Your copy starts at the line containing "Alborada - El" and ends at the last line of the material below. Reproduce those lines exactly, with no pictures.

──────── Given material

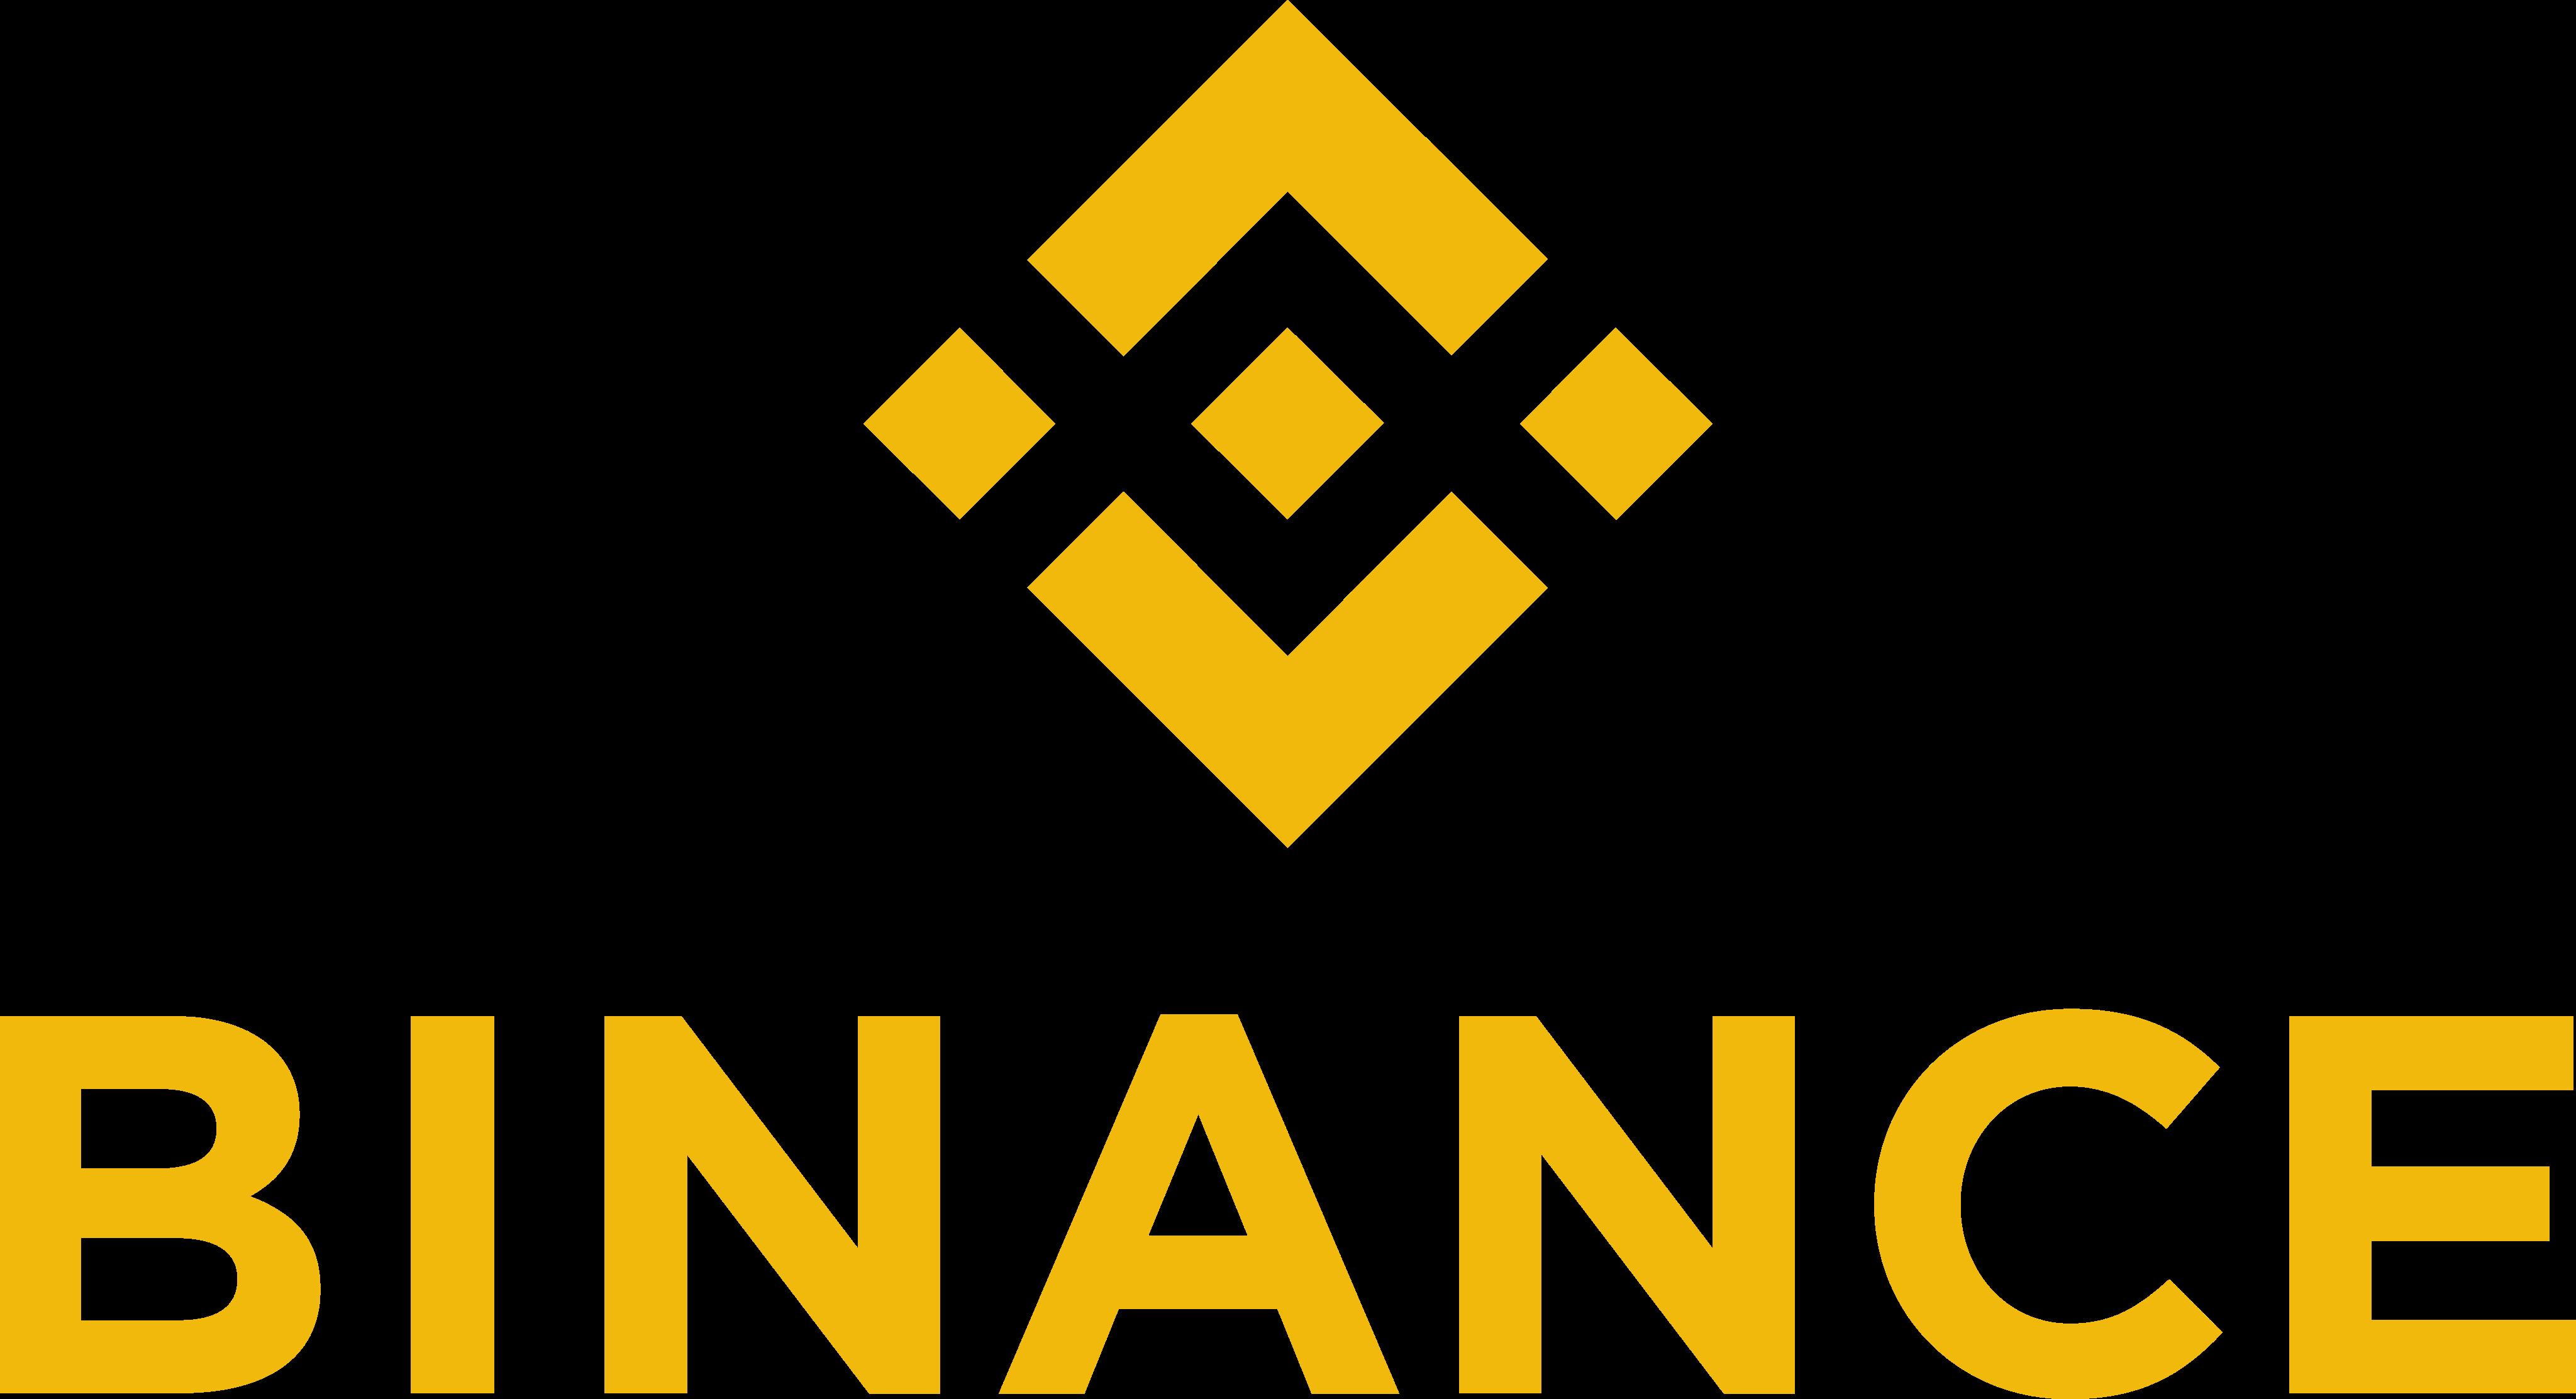 binance logo 1 - Binance Logo
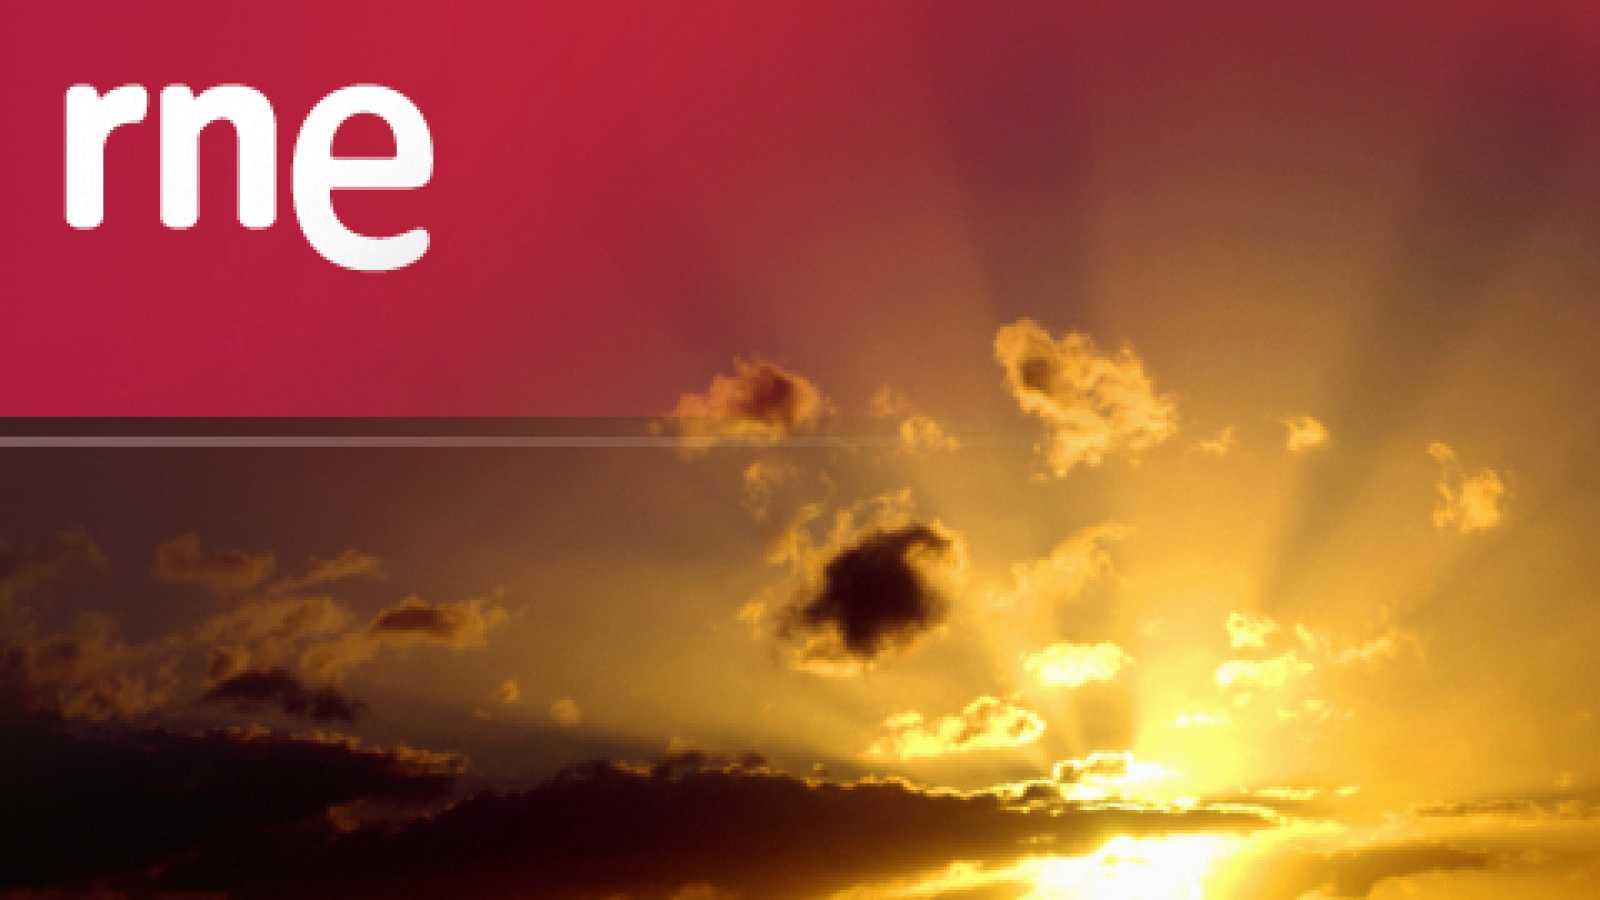 Alborada - El desafío de educar el corazón - 07/04/21 - escuchar ahora
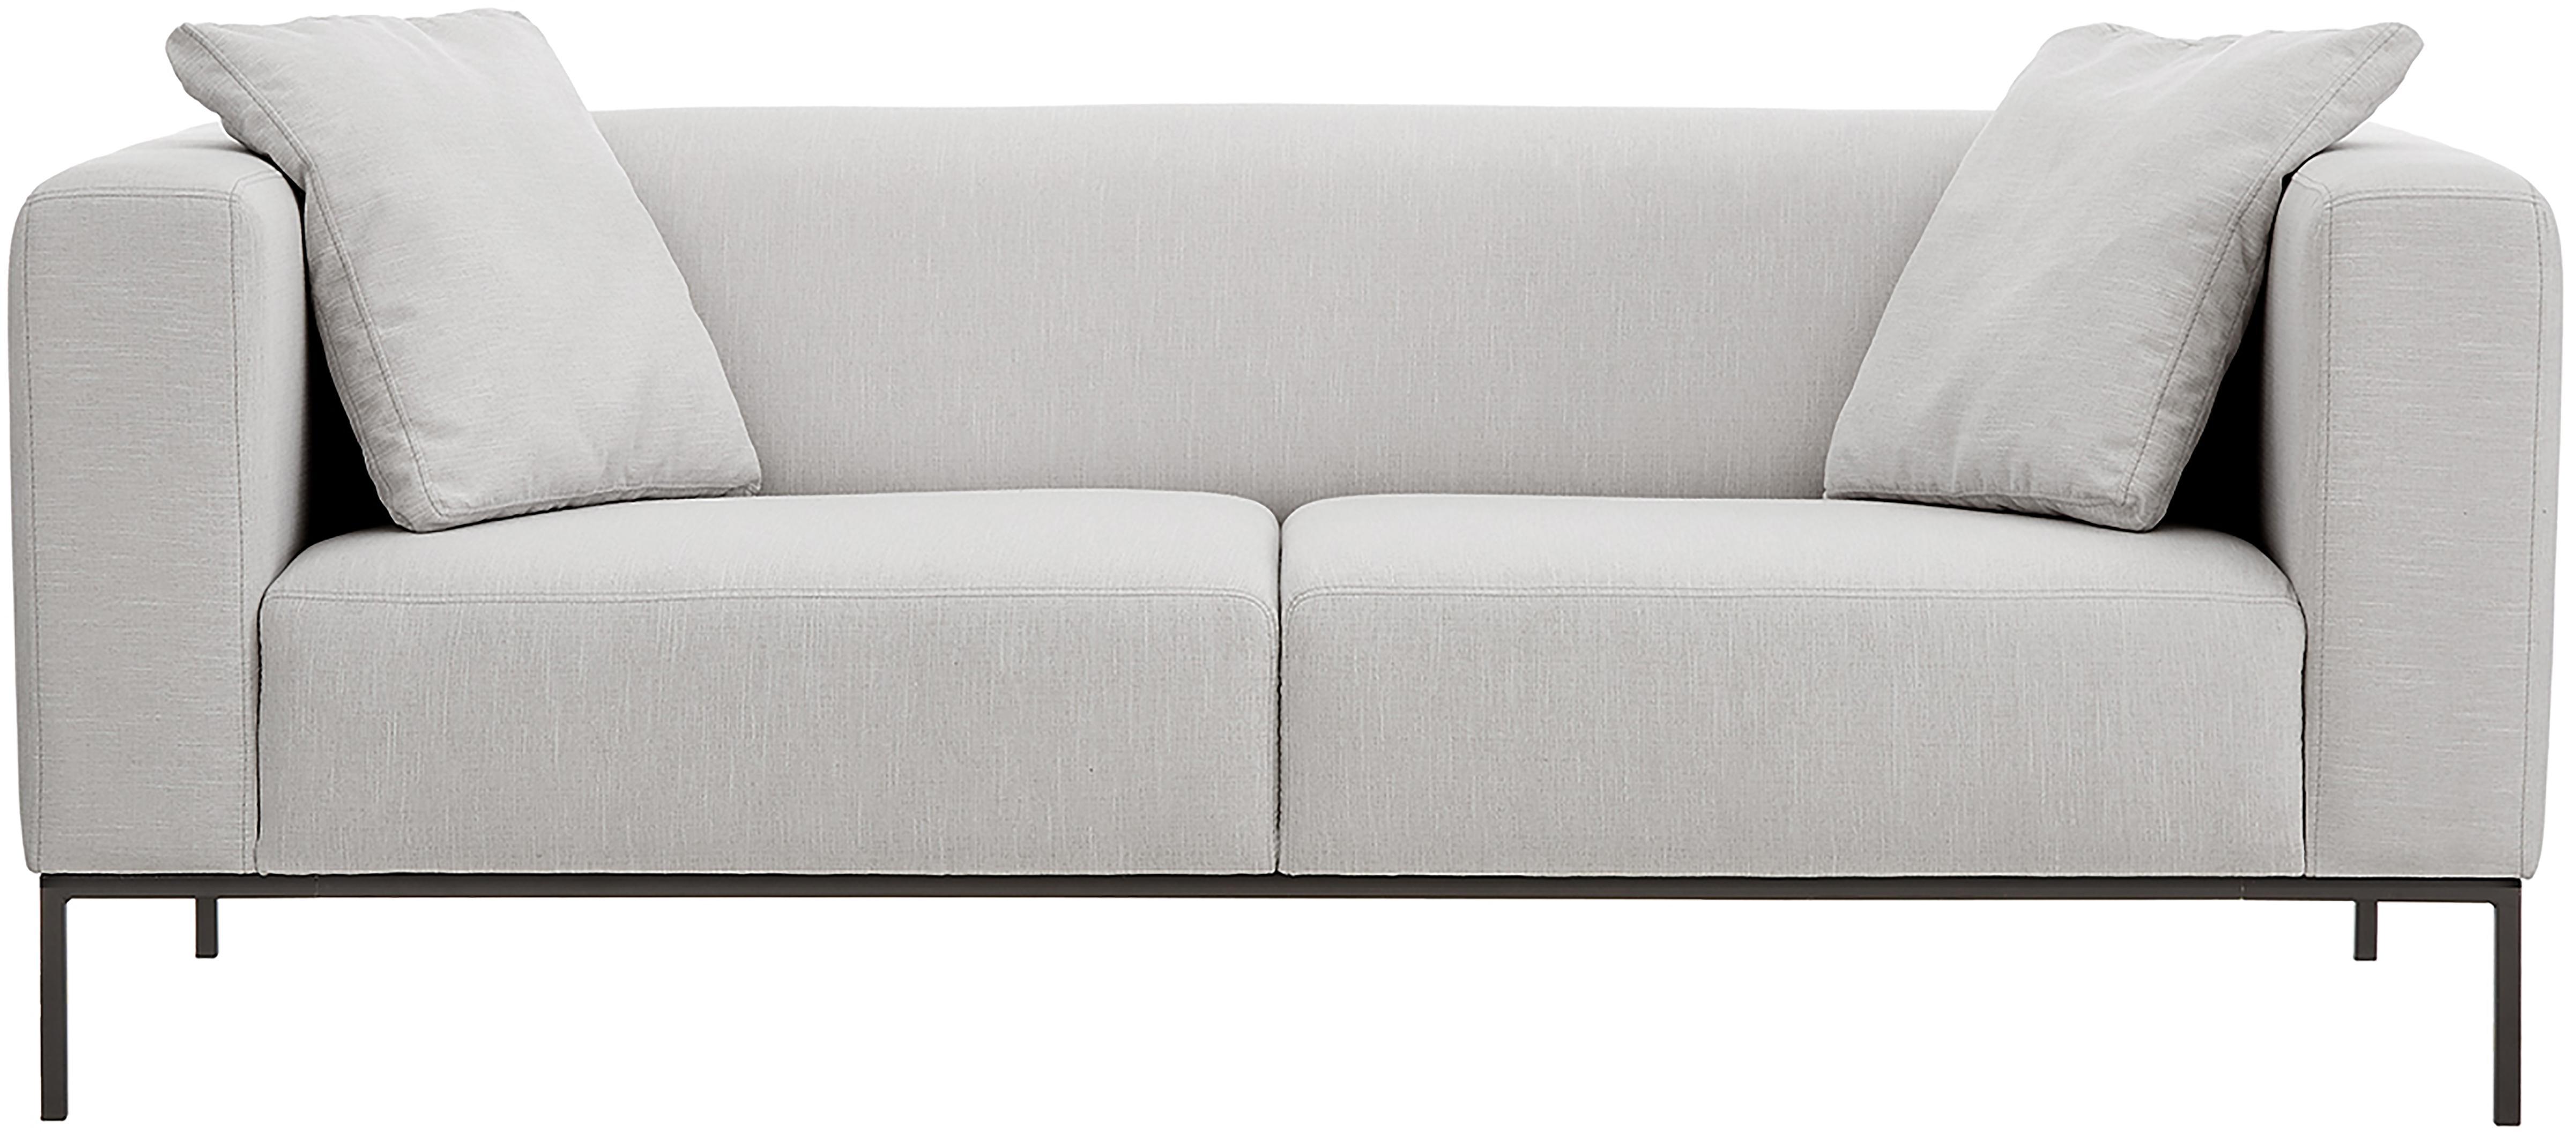 Sofa Carrie (3-Sitzer), Bezug: Polyester 50.000 Scheuert, Gestell: Spanholz, Hartfaserplatte, Füße: Metall, lackiert, Webstoff Grau, B 202 x T 86 cm

────────────────

Reply:
 Alborada - El desafío de educar el corazón - 07/04/21 - escuchar ahora
 Sofa Carrie (3-Sitzer), Bezug: Polyester 50.000 Scheuert, Gestell: Spanholz, Hartfaserplatte, Füße: Metall, lackiert, Webstoff Grau, B 202 x T 86 cm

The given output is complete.